Sucking in a deep breath, then releasing it, she made a hasty retreat from the room and headed for the stairs at the opposite end. As if an invisible force had stopped her descent, she turned back to the only room she had not entered, her son’s bedroom. Josephine held the doorknob, but she did not turn it. Her knuckles turned white from how tightly she held on. Her head dropped until her forehead rested against the hard wood of the door. Finally getting the courage, she opened the door and quickly scanned the room without entering before pulling it shut. Her heart beat erratically against her ribcage. She made her way down the stairs and went into the kitchen to grab her sports bottle, the only one out, and filled it with water. After gulping down most of the liquid, she made her way to the family room to finish.
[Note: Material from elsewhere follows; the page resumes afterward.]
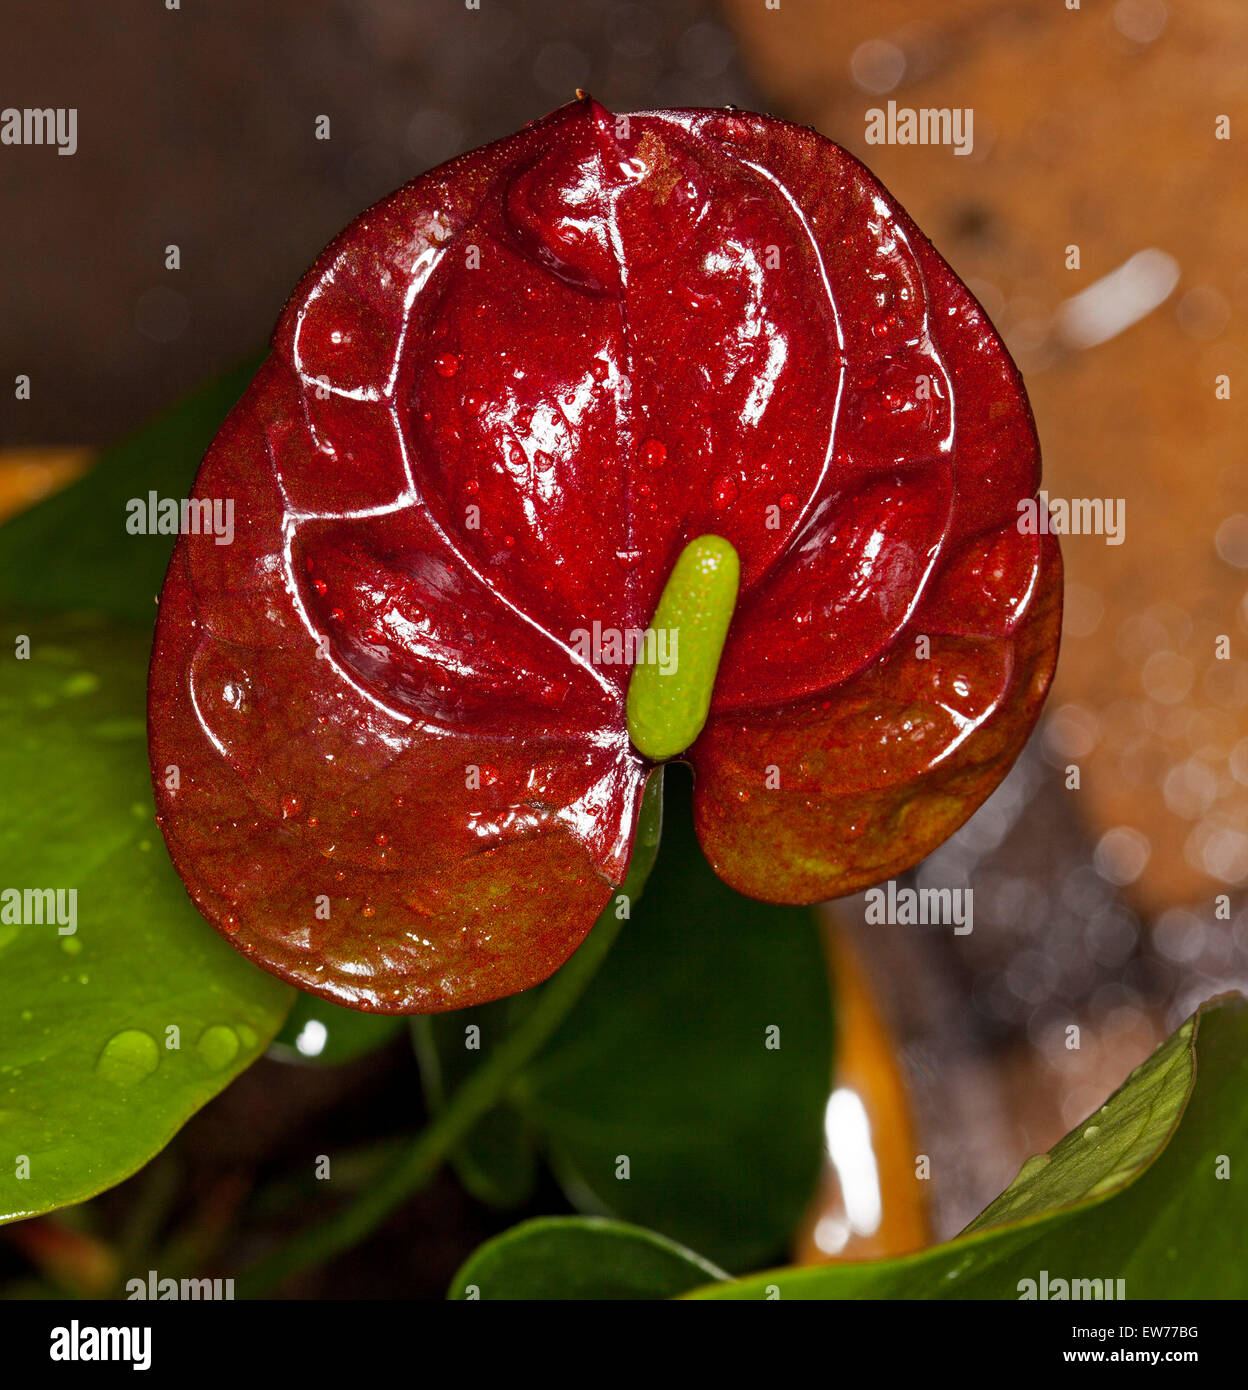 Dark red / brown spathe and green spadix of Anthurium andreanum 'Deco Chocolate'' on background of dark green foliage Stock Photo

After what seemed like forever, Jo sighed heavily as she stepped back from the last box she had just packed and taped. The movers would be coming soon to put the things she wouldn’t be taking with her to storage.

She ran her fingers over the now bare walls of the family room. These walls once held frames that displayed the family portraits and created the perfect backdrop behind the gray five-piece sectional sofa that took up a considerable amount of space. The large flat-screen television hung on the opposite wall above the mahogany entertainment unit with the protruding brick-themed fireplace on the wall adjacent. This room held so many memories. Her mind shifted to a happy one, and a small smile graced her lips.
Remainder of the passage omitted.